This lesson focuses on State & Persistence at the advanced level. Use it to move from definition to implementation-ready explanation.
Concept
Production state management requires schema evolution strategies (new fields with defaults so old checkpoints stay valid), time-travel debugging via get_state_history(), AsyncPostgresSaver for async compilation, and durable Store implementations for cross-thread memory. State schemas should be versioned like database schemas. The Store supports namespaced key-value with semantic search for agent memory systems.
Key Facts
- Time travel: graph.get_state_history(config) returns all checkpoints for a thread
- Fork: invoke with a past checkpoint_id in config to branch from that point
- Schema evolution: new fields must have defaults so old checkpoints remain valid
- AsyncPostgresSaver: required for async graph compilation in high-throughput production
- Checkpoint namespace: separates graph versions/subgraphs inside the same thread
- checkpoint_writes: stores per-task writes for retry-safe parallel recovery
Reference Implementation
from langgraph.checkpoint.postgres.aio import AsyncPostgresSaver
import asyncio
async def production_agent():
DB_URI = "postgresql://user:pass@host:5432/agents_db"
async with AsyncPostgresSaver.from_conn_string(DB_URI) as checkpointer:
await checkpointer.setup() # creates tables if not exist
app = graph.compile(checkpointer=checkpointer)
config = {"configurable": {"thread_id": "prod-789"}}
result = await app.ainvoke(
{"messages": [("user", "Start audit")]}, config
)
# Time-travel: inspect all checkpoints
history = [c async for c in app.aget_state_history(config)]
print(f"Total checkpoints: {len(history)}")
# Fork from a past checkpoint. Omit fresh input so prior messages are preserved.
past_config = {"configurable": {
"thread_id": "fork-789",
"checkpoint_ns": "audit-agent",
"checkpoint_id": history[2].config["configurable"]["checkpoint_id"]
}}
forked = await app.ainvoke(None, past_config)
Interview Q&A
Q1. How do you implement time-travel debugging in a production LangGraph system?
Use graph.get_state_history(config) to list all checkpoints for a thread. Each has a checkpoint_id and full state snapshot. To re-run from a specific point, invoke with that checkpoint_id in the config - LangGraph loads that snapshot and continues from there. In LangSmith Studio this is visual: click any step to fork and re-run.
Do not pass {"messages": []} when forking unless you intentionally want to add or overwrite input.

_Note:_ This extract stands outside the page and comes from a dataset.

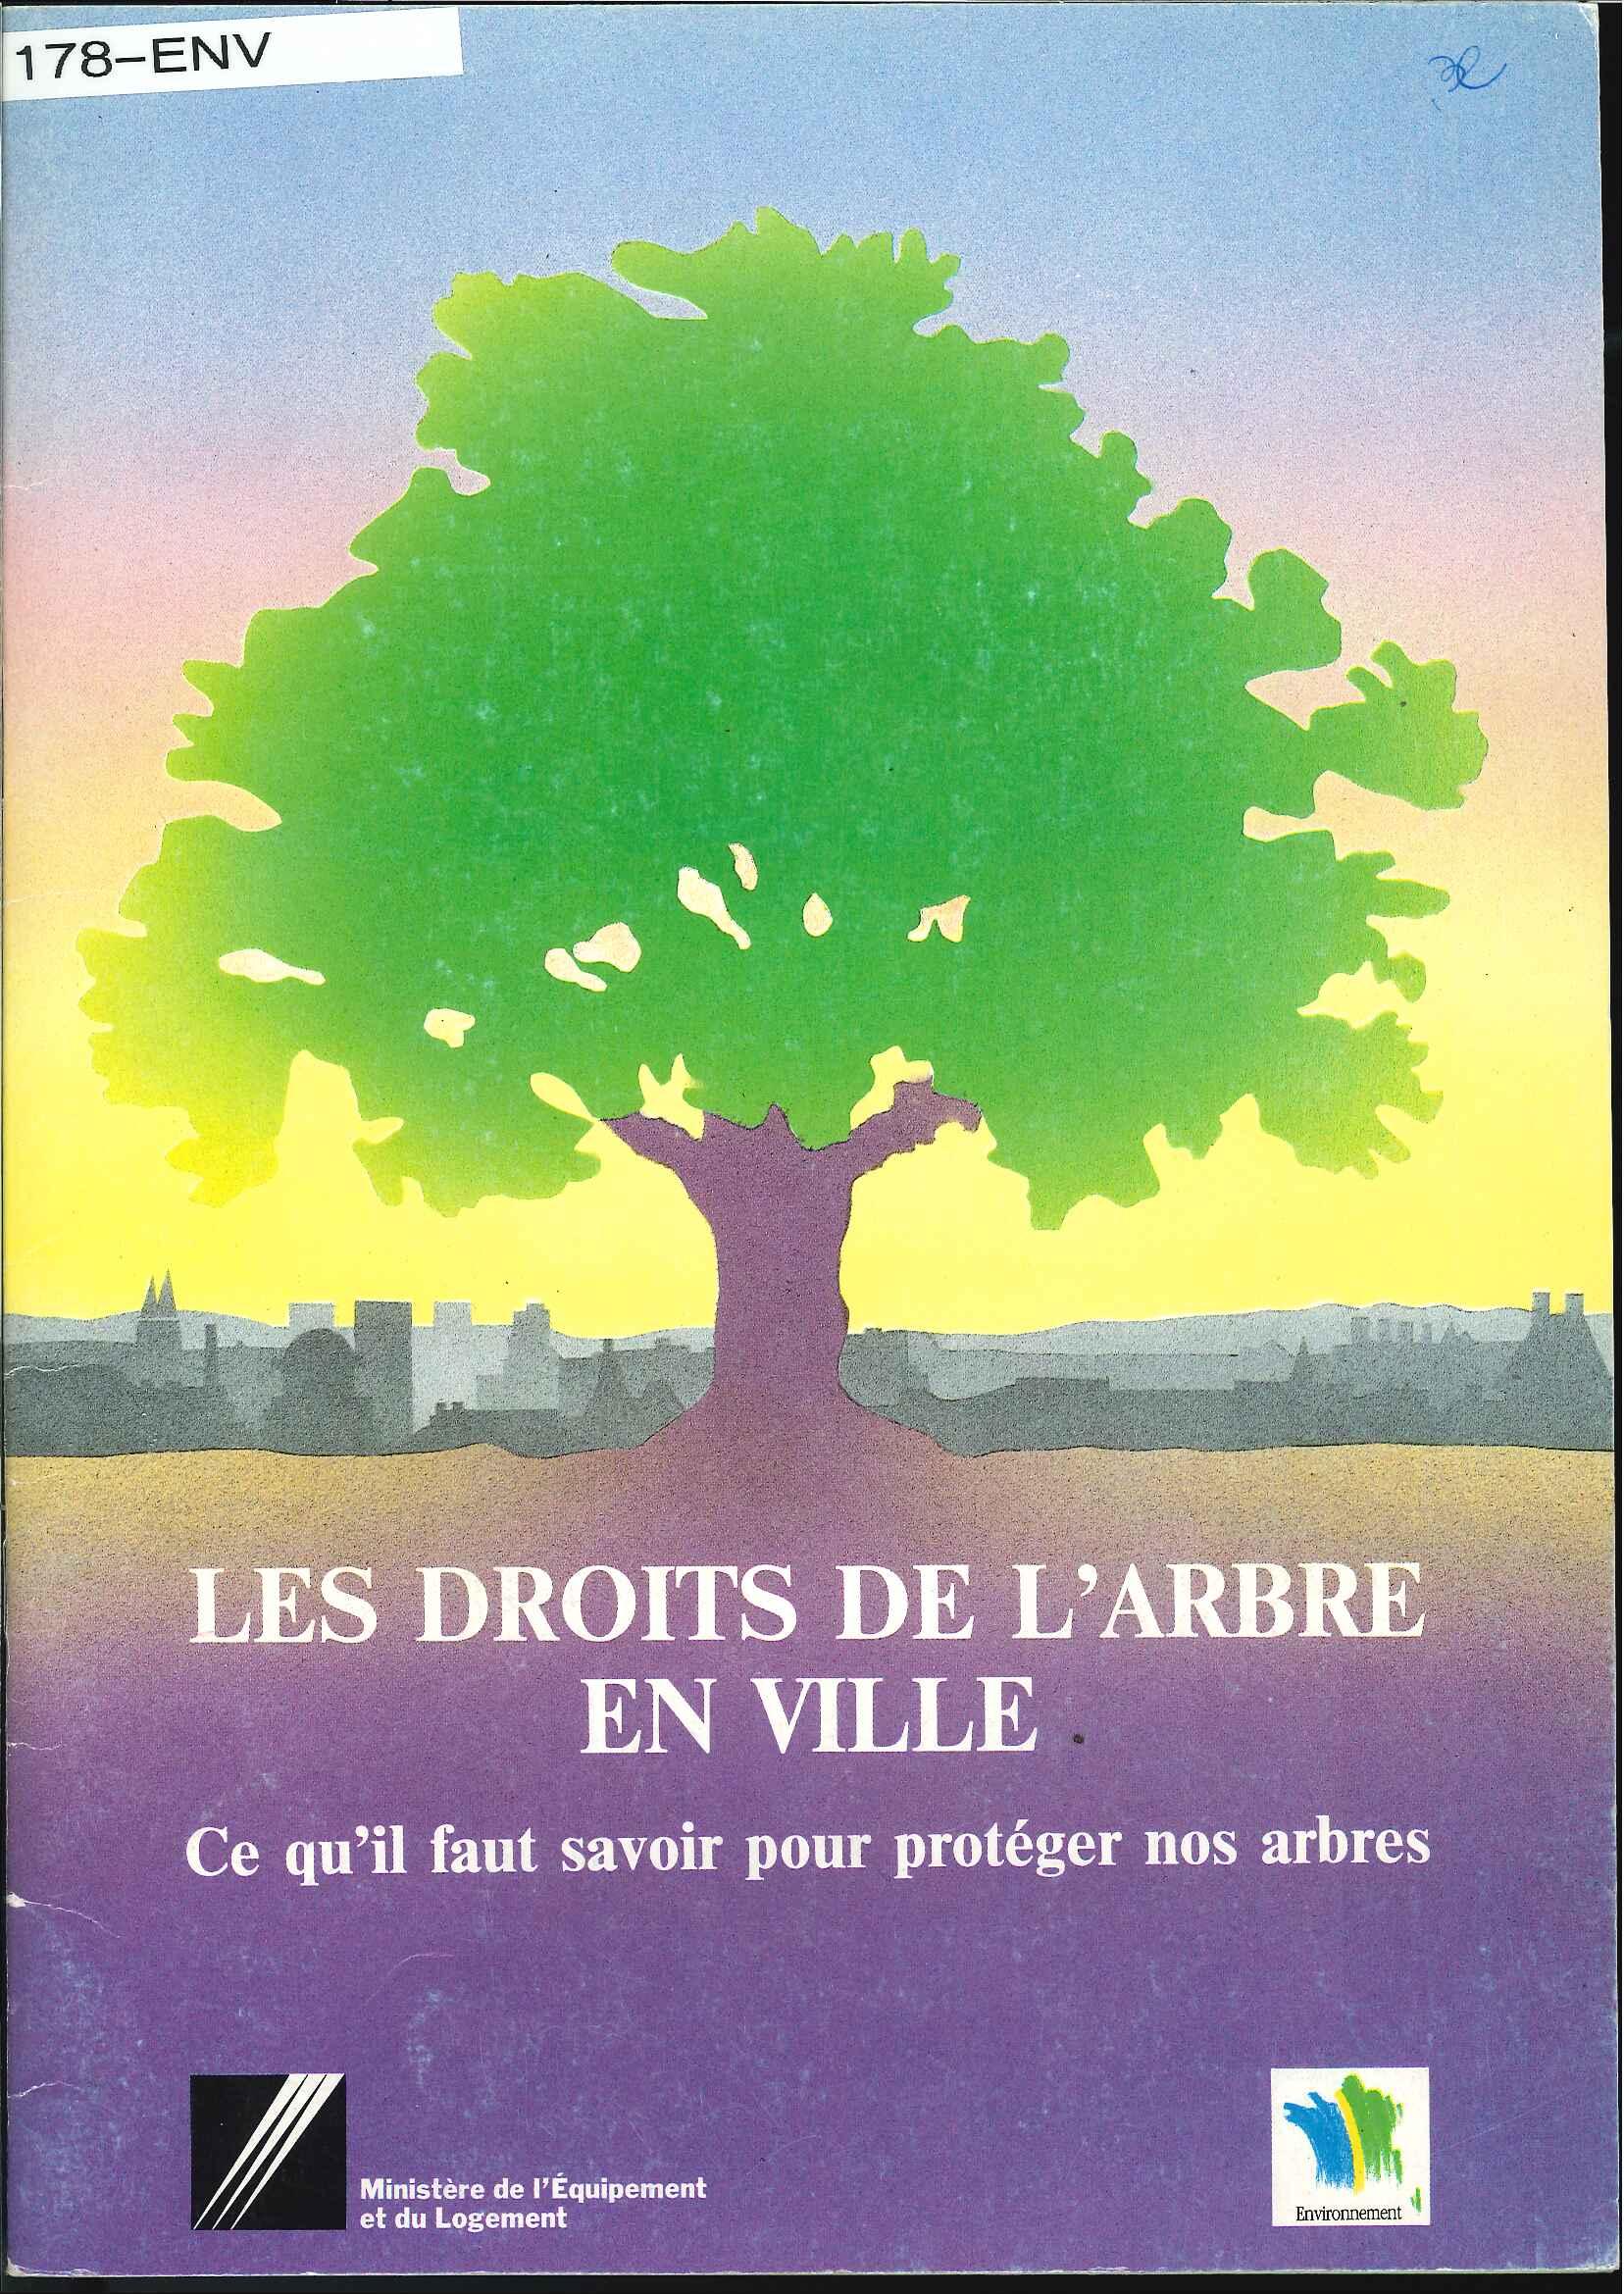 Les droits de l'arbre en ville

Pass None with the past checkpoint_id to resume from that checkpoint’s stored state; this preserves the message history.
Q2. How would you handle LangGraph state schema migrations in production?

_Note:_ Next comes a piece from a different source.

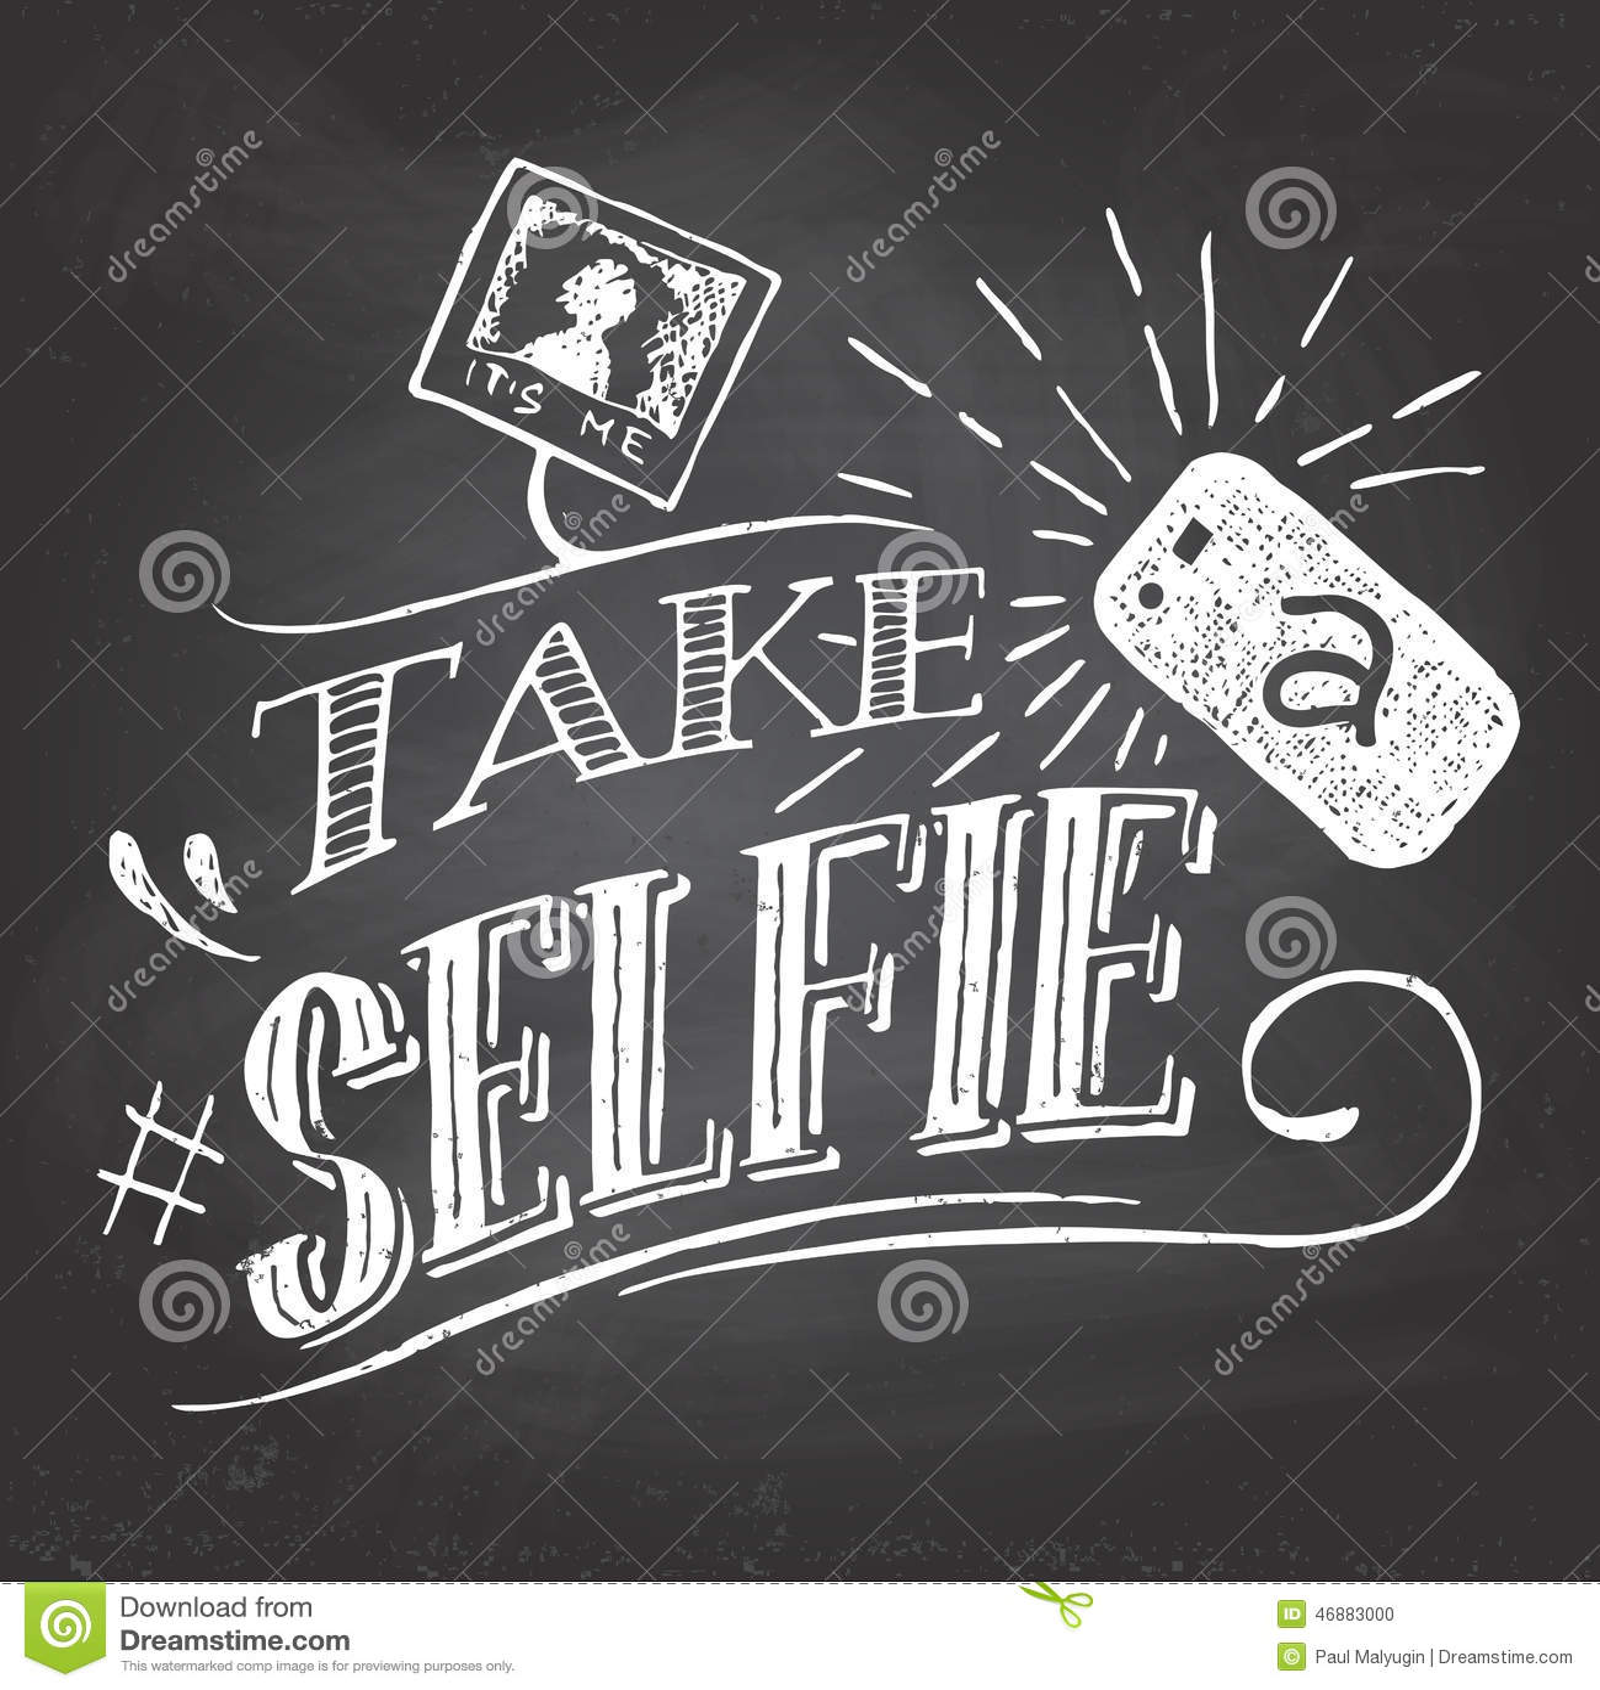 Tome un selfie en la pizarra

Treat it like a database migration: add new fields with default values so old checkpoints remain valid, never rename or remove fields without a migration step, and version your state schema. For breaking changes, write a migration script that reads old checkpoints and re-saves them with the new schema via checkpointer.put().
Q3. What is the performance difference between MemorySaver and AsyncPostgresSaver?
MemorySaver has zero serialization overhead but is single-process and not fault-tolerant. AsyncPostgresSaver adds serialization, network RTT, and disk IO per checkpoint - typically 5 to 50ms depending on payload. Use asyncpg connection pooling, compress large state fields, and consider Redis for hot state with Postgres as the durable backup.
Q4. What tables should you expect from Postgres checkpointing?
Expect checkpoints for checkpoint metadata, checkpoint_blobs for serialized channel values, and checkpoint_writes for per-task writes within a super-step. The exact schema can change by package version, so run the saver setup/migration code that matches your installed langgraph-checkpoint-postgres version.
Q5. Why does checkpoint_ns matter for forks and subgraphs?
checkpoint_ns lets one thread hold separate histories for graph versions, assistants, or subgraphs. It prevents a fork or child graph from accidentally reading the wrong checkpoint lineage when several workflows share a thread_id.
Practice Task
Explain when this LangGraph pattern is safer than a linear chain, then name one production failure it prevents.